Metal brokers in China may soon be able to trade international markets

The Chinese financial market regulator is expected to finally allow local brokerages to work as agents for local investors for overseas futures trading in 2014, according to market sources.

The Chinese financial market regulator is expected to finally allow local brokerages to work as agents for local investors for overseas futures trading in 2014, according to market sources.

“The general expectation is that the Chinese Securities Regulatory Commission [CSRC] will start issuing licenses for overseas futures trading agent service this year – it is their style to do one big thing each year,” a senior official at a major local brokerage said.

“The likelihood is strong,” a second source said. “Especially given the fact that the Shanghai Futures Exchange has been striving to launch a dollar-denominated crude oil contract in the Shanghai Free Trade Zone.”
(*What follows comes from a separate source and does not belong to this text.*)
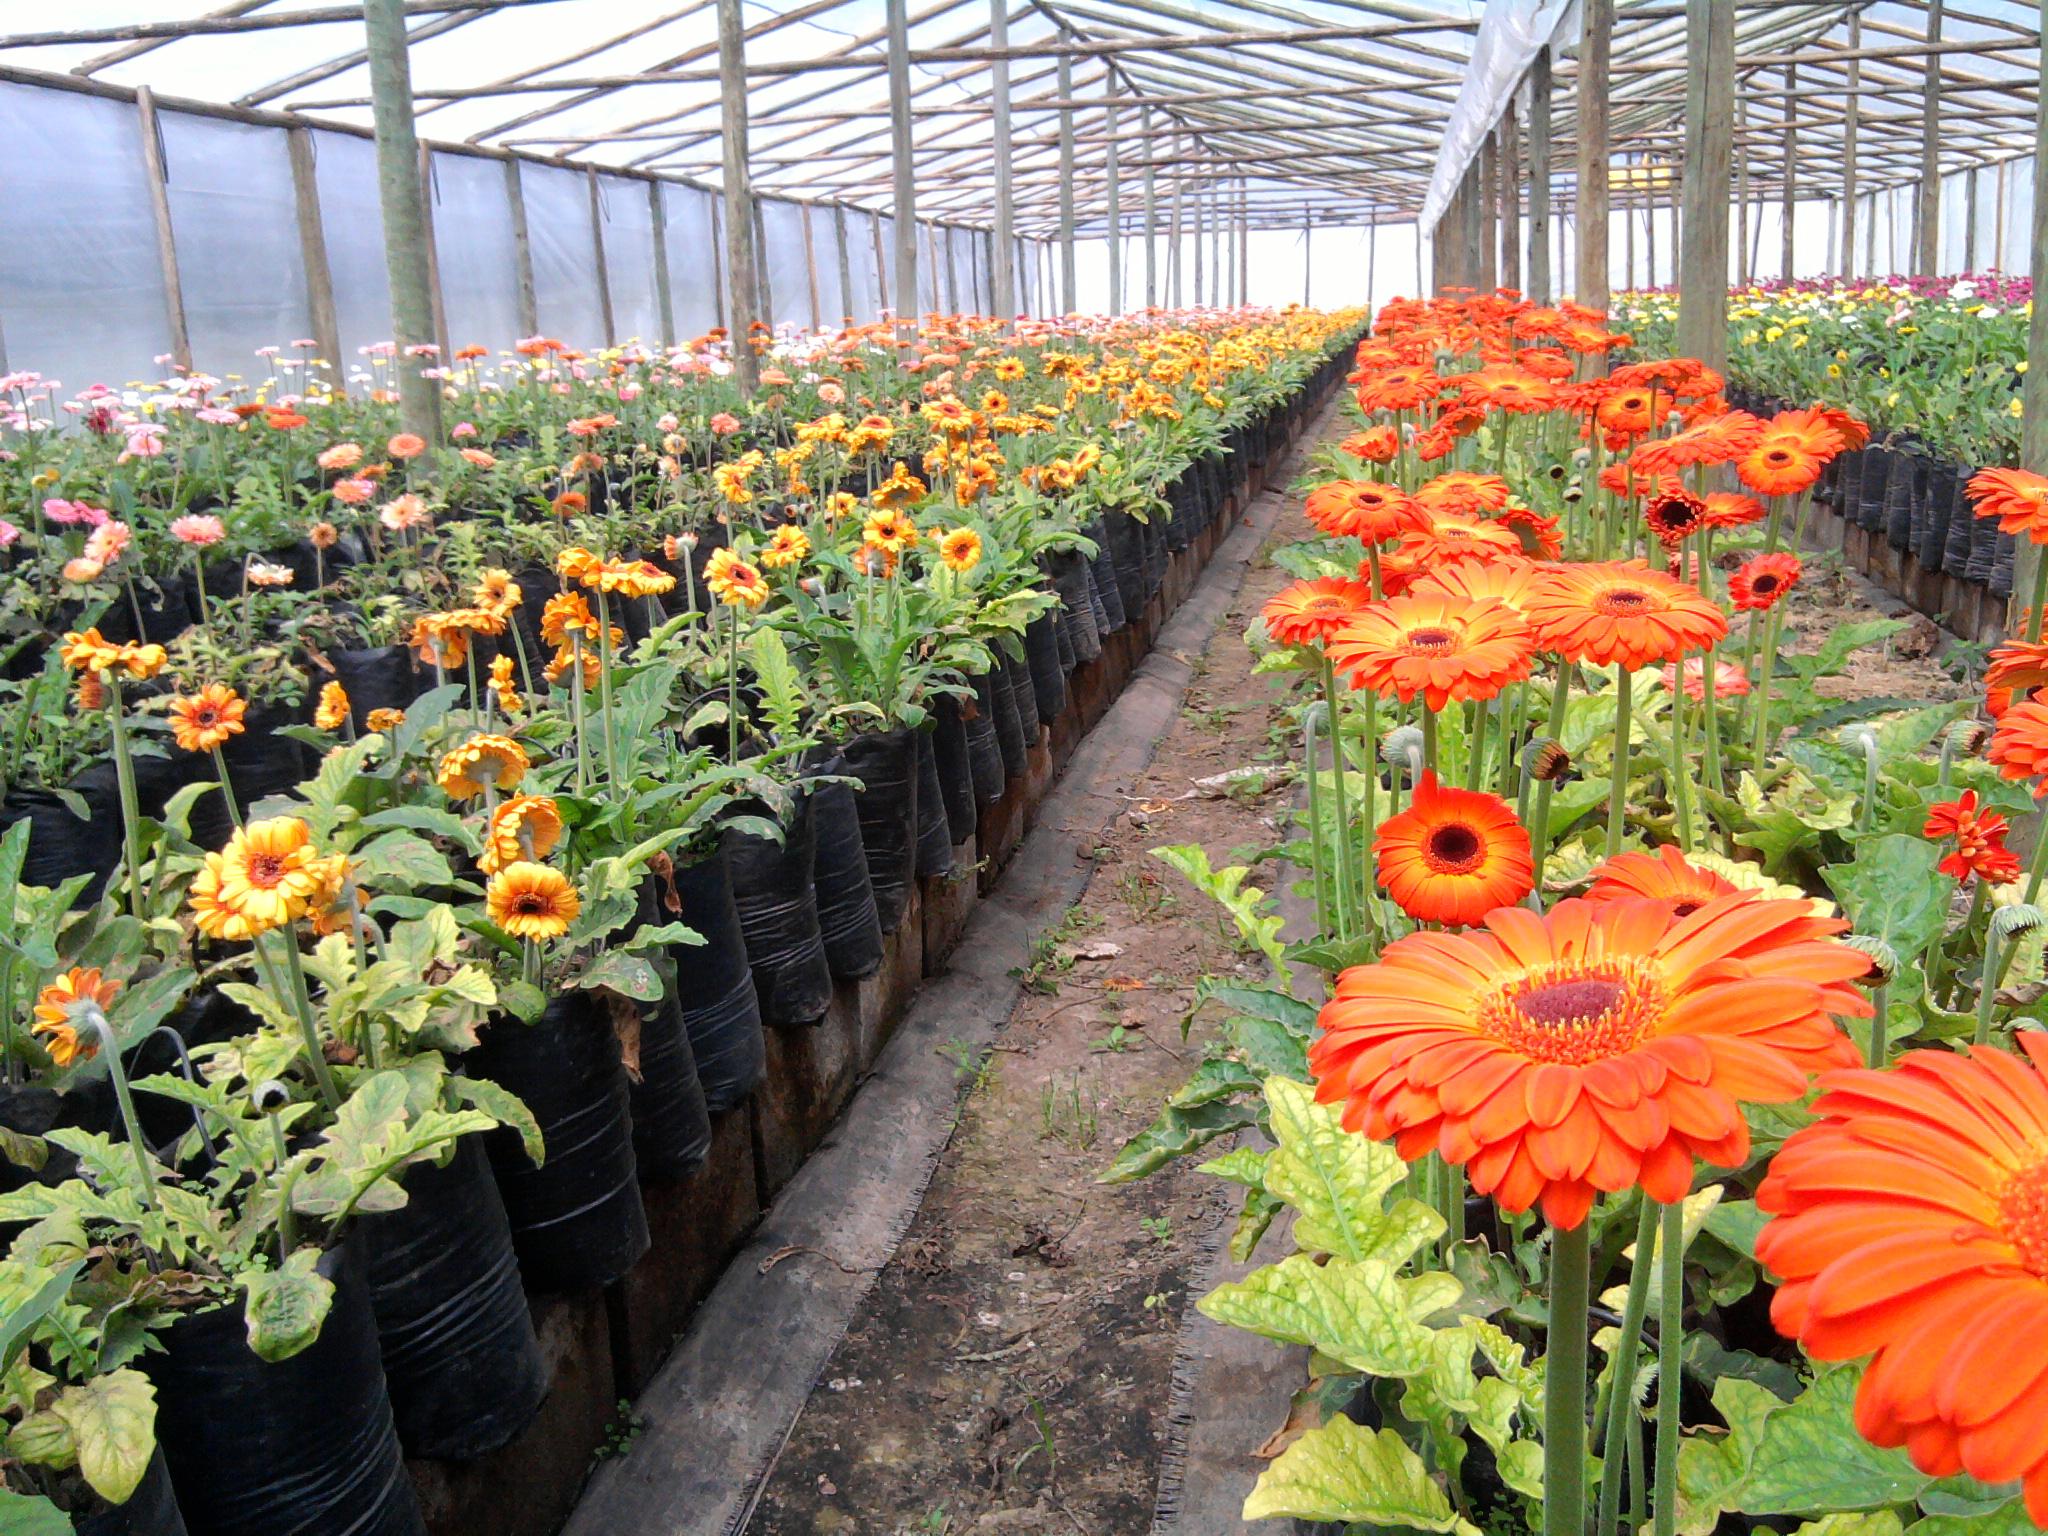 Vivero flores musacco flores musacco for Plantas que hay en un vivero

Foreign investors would have to be allowed in if the crude oil contract trading is to be active and globally influential on the international market. And as investors have to trade through exchange members, brokerages firms have to be able to work as representatives of foreign investors, the source said.

“Our understanding is that agent services should be two-way, helping to let in foreign investors as well as letting out domestic investors,” he said.

Three local brokerages, including China International Futures, COFCO Futures and Yongan Futures, were selected for a trial program for oversea futures trade agency services in 2011.

At the end of 2012, then-CSRC chairman Guo Shuqing summoned about 20 local futures brokerages for a meeting, during which he disclosed his intention to start the overseas futures trading agent services in the following year, according to sources.

“At that time, the CSRC was also planning a [minimum] threshold of, say, a capital fund of at least 500 million yuan for brokerages. But some argued that this was not necessary, and that they should be allowed as long as their investors have the need to trade overseas,” a third source said.

The progress of the policy was delayed after Guo was replaced by Xiao Gang in 2013, however,

some local brokerages have still been making preparations for the new business.

Yongan Futures and Guotai Junan Futures, for example, have joined hands with US-headquartered CME Group for investor education opportunities in China.

China’s state council banned overseas futures trading agency services in March 1994, in a move to clamp down on rampant speculation in local futures markets, as well as the surge in cross-border trading that resulted in a large number of losses and legal disputes.

Currently, only 31 state-owned enterprises are allowed to trade in overseas futures markets, and six futures brokerages have branches in Hong Kong.